On the edge of your green judgement sticking out like a sore thumb all crumpled up and clinging to life.

It could be reaching out of the mud fumbling for tree or plant or slimy rock. Maybe my pride is with dignity and they aren’t struggling at all but are where they belong now, weighty and nestled in the shiny gravel of the river.

Who knows! I don’t miss them really, so you may keep them if you find them. They are trouble anyway. The maintenance was unbearable and I tired of those who would take pictures with their dumb luck. I saw them as they started to blow away, at first they got stuck to my neighbors white picket fence flapping in the wind. He pointed them out saying ‘Clean up that trash, I don’t want it in my yard!”

I thought about running after them but running only makes the wind blow harder and I have chased things before only to loose footing and stumble. Watching on to see the item stop tumbling for a minute so I can finally catch up and like some cosmic joke it begins to blow again and so I am left in that spot pondering scraped knees, palms out, sharp grime and dust whipping at my eyes.

To chase or not to chase. I chased a dollar once because I was really hungry and I must have bumped my face on the back of someone’s knuckles because I found myself in the woods.

I thought I could hear the wind laugh but when I looked up it wasn’t the wind at all it was a man with his pants around his ankles. Anyway, some good news… I left my laundry out on the line too, but it didn’t get blown away.

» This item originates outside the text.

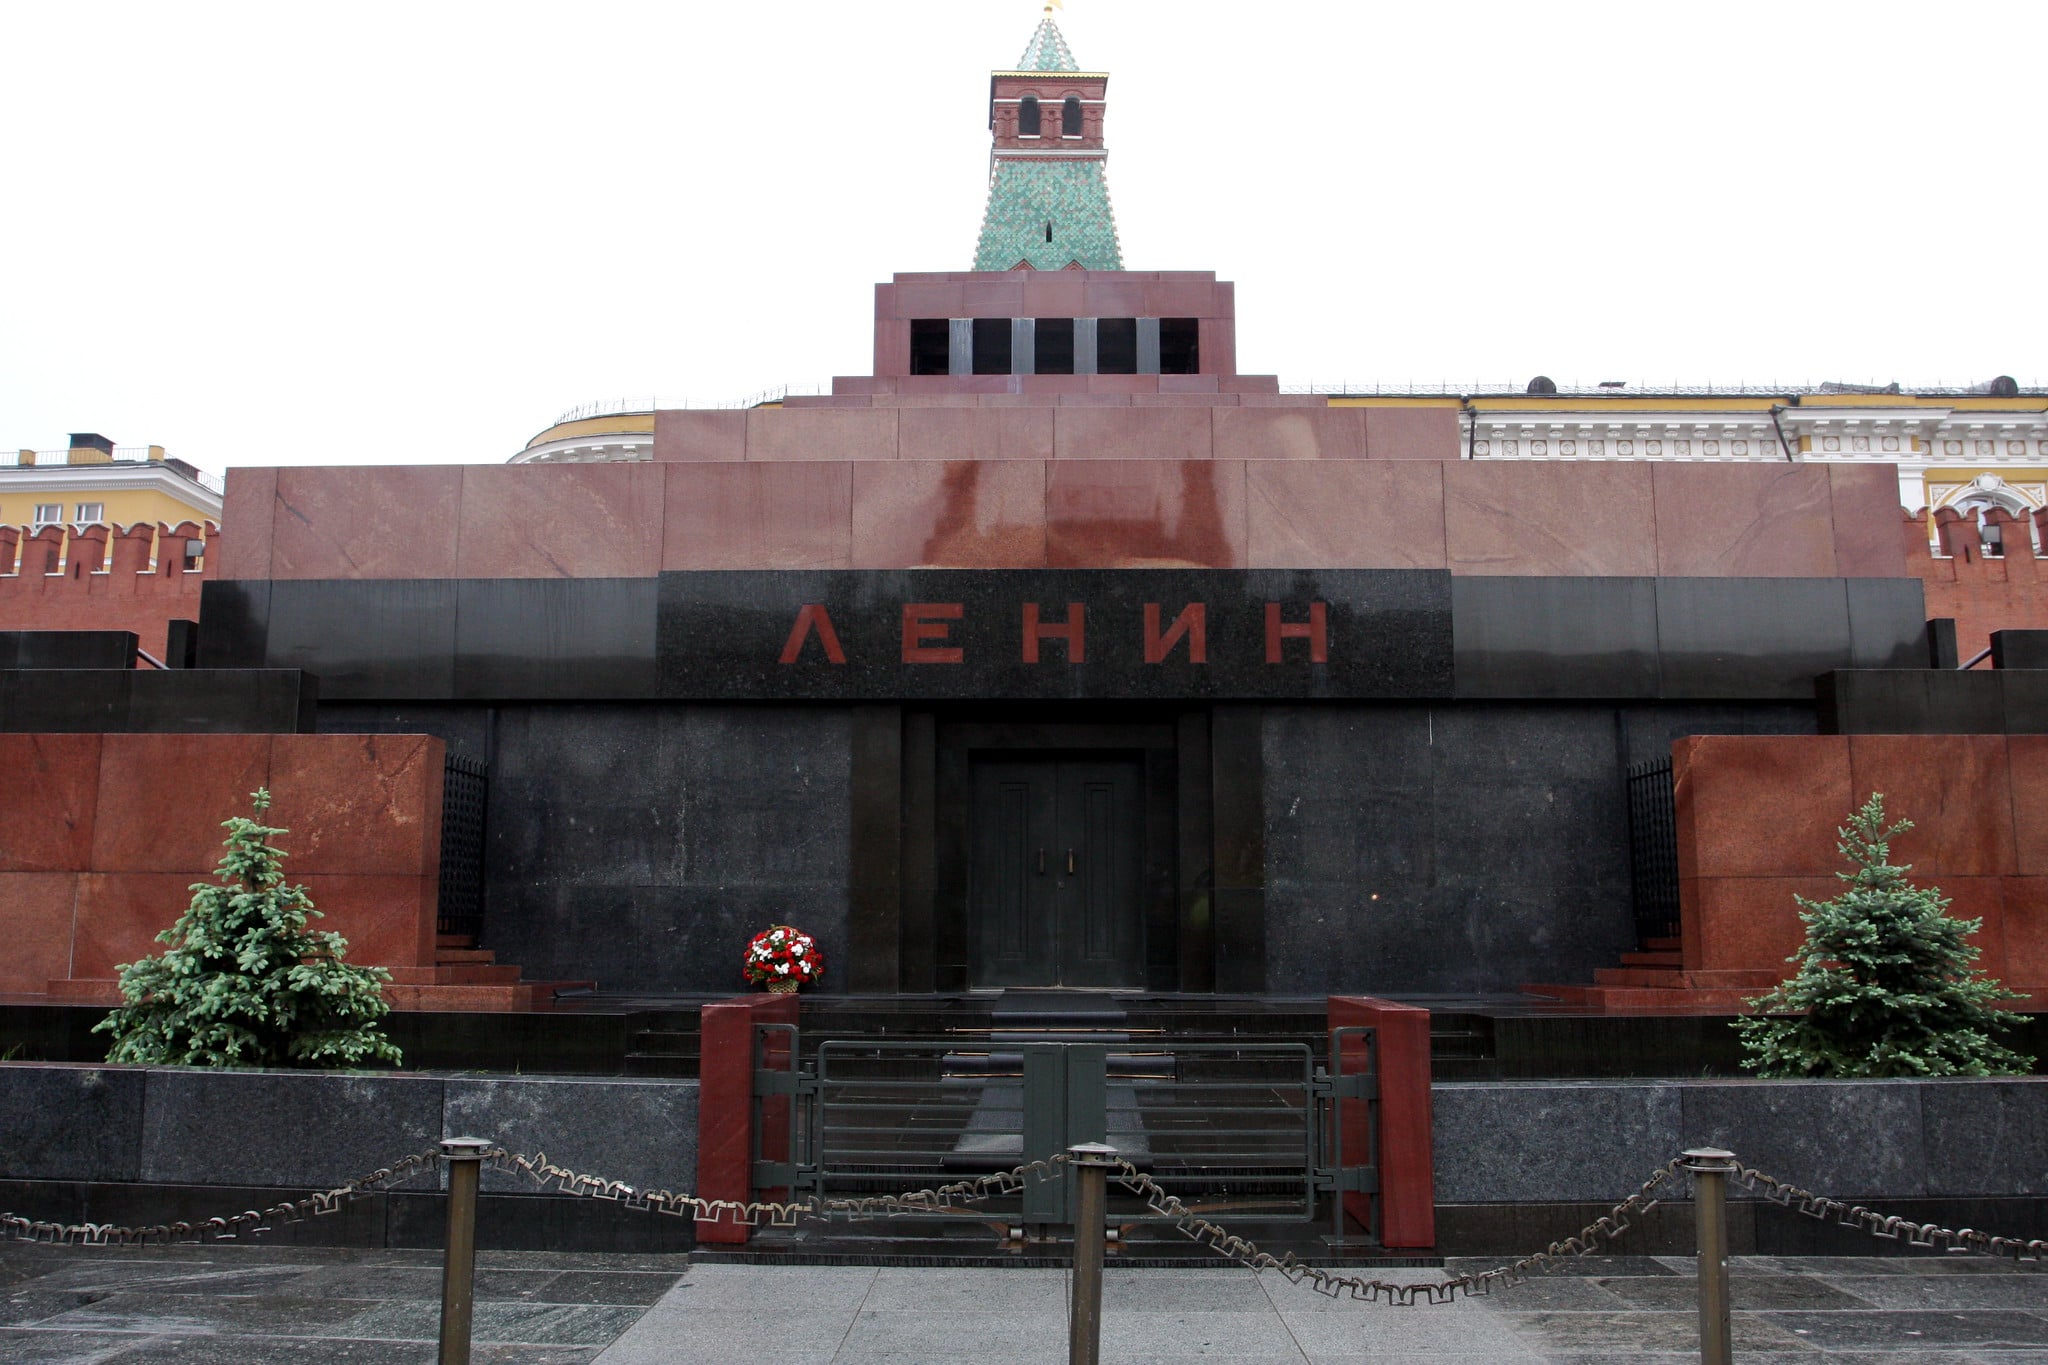 Ленин Владимир Ильич в мавзолее
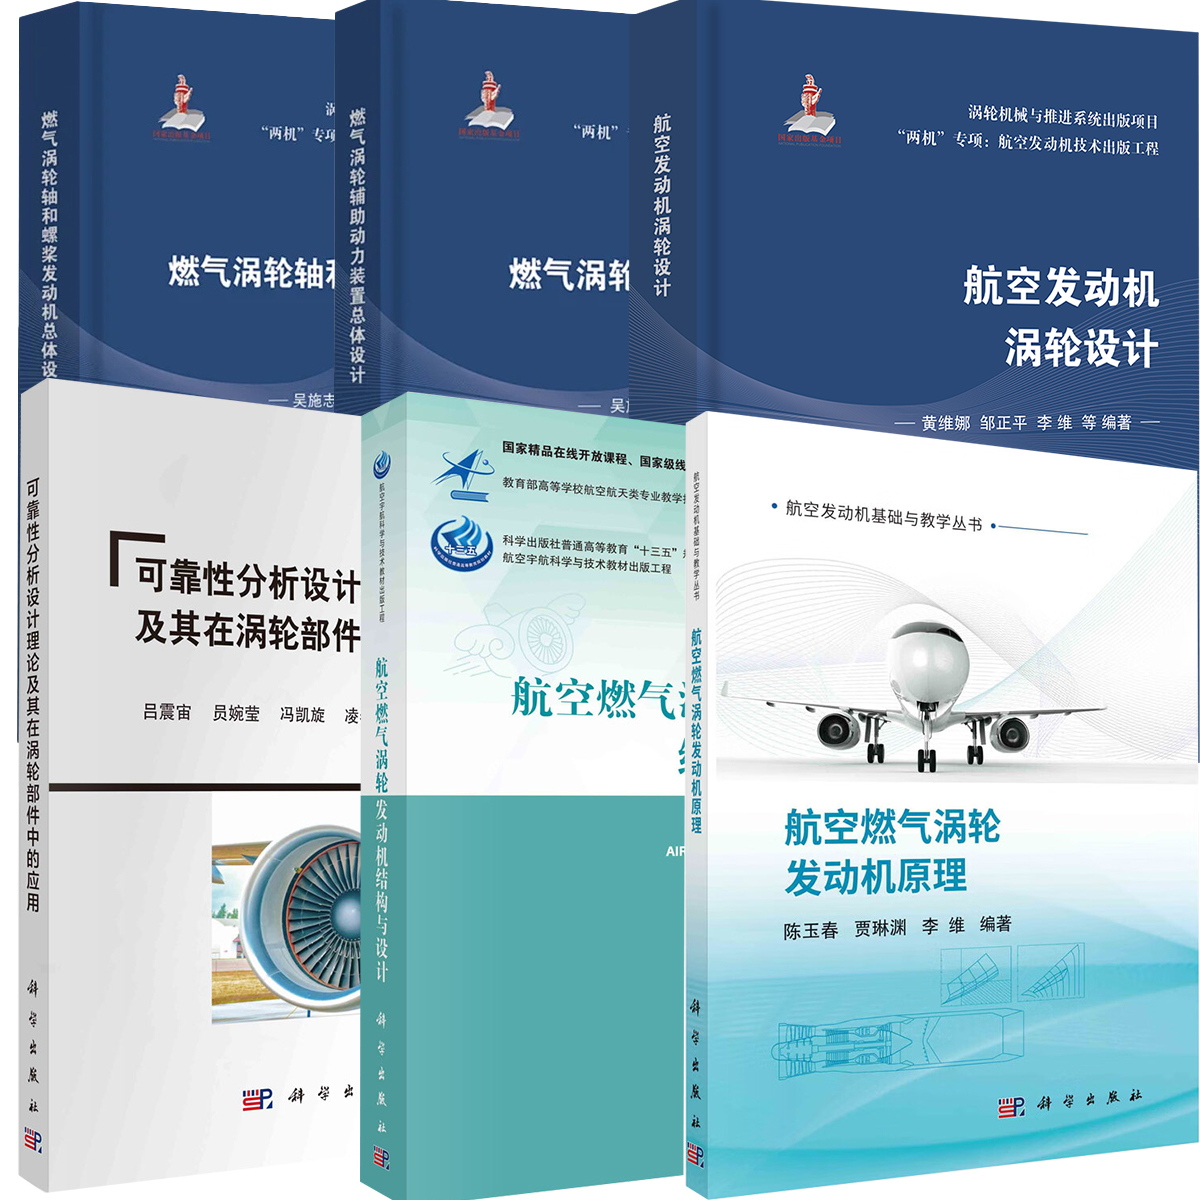 【全6册】航空发动机涡轮设计航空燃气涡轮发动机结构与设计航空燃气涡轮发动机原理+可靠性分析设计理论及其在涡轮部件中的应用

It just got twisted and knotted up. Stained and wrapped tightly around the thin rusting wire until it couldn’t spin anymore. So no worries with that, I think I will leave it up for a while, it’s not like it is in my neighbors yard. If you heard screaming, I apologize, it was just my TV, and there was a lifetime movie on about some lady who was a victim and then survivor and then martyr (aren’t they all?) So predictable and ‘cliche’.

And all she wanted was to punish the world, but It wouldn’t acknowledge her sacrifice or some other profound thing. But anyway… my point is, I couldn’t find the remote and so I just left it on to drown out the desperate howling of what sounded like a rabbit who was wounded but not quite dead and I was afraid it would attract the dogs.

I thought it was my faith dying or whatever and then realized it was just me. So if you see any of these things, I will be here, in the field feeling around for my life. It is very small, but dense so I don’t think it went too far.

I could probably just rinse it off in soap and water, unless someone else has a better Idea. I have seen lives on the side of the road along with a few obligations and responsibilities and big gulp cups, so I know they can be refurbished. I have never seen shame or self pity though.

I found a set of balls once and put them in the ”lost and found”, but no one ever claimed them. Probably blew out of the bed of an old dented pick up truck or belonged to a nice guy in a clean Cadillac family sedan but was thrown out by his well kept wife. Come to think of it, he is probably the same guy that put up the ‘discreet relationship wanted’ ad on this same site. If I stumble around out here in the field long enough, I might bump into him. He might have liked my neediness and my old sun hat.

That guy in the woods would really like his wife. But like I said, If you see any of these things leave a note for me in the obituaries or ‘free’ section or put a sign on your lawn or maybe slap someone you love when they start to think things could be better.

You can keep the rug, you might need it if yours is ever ripped out.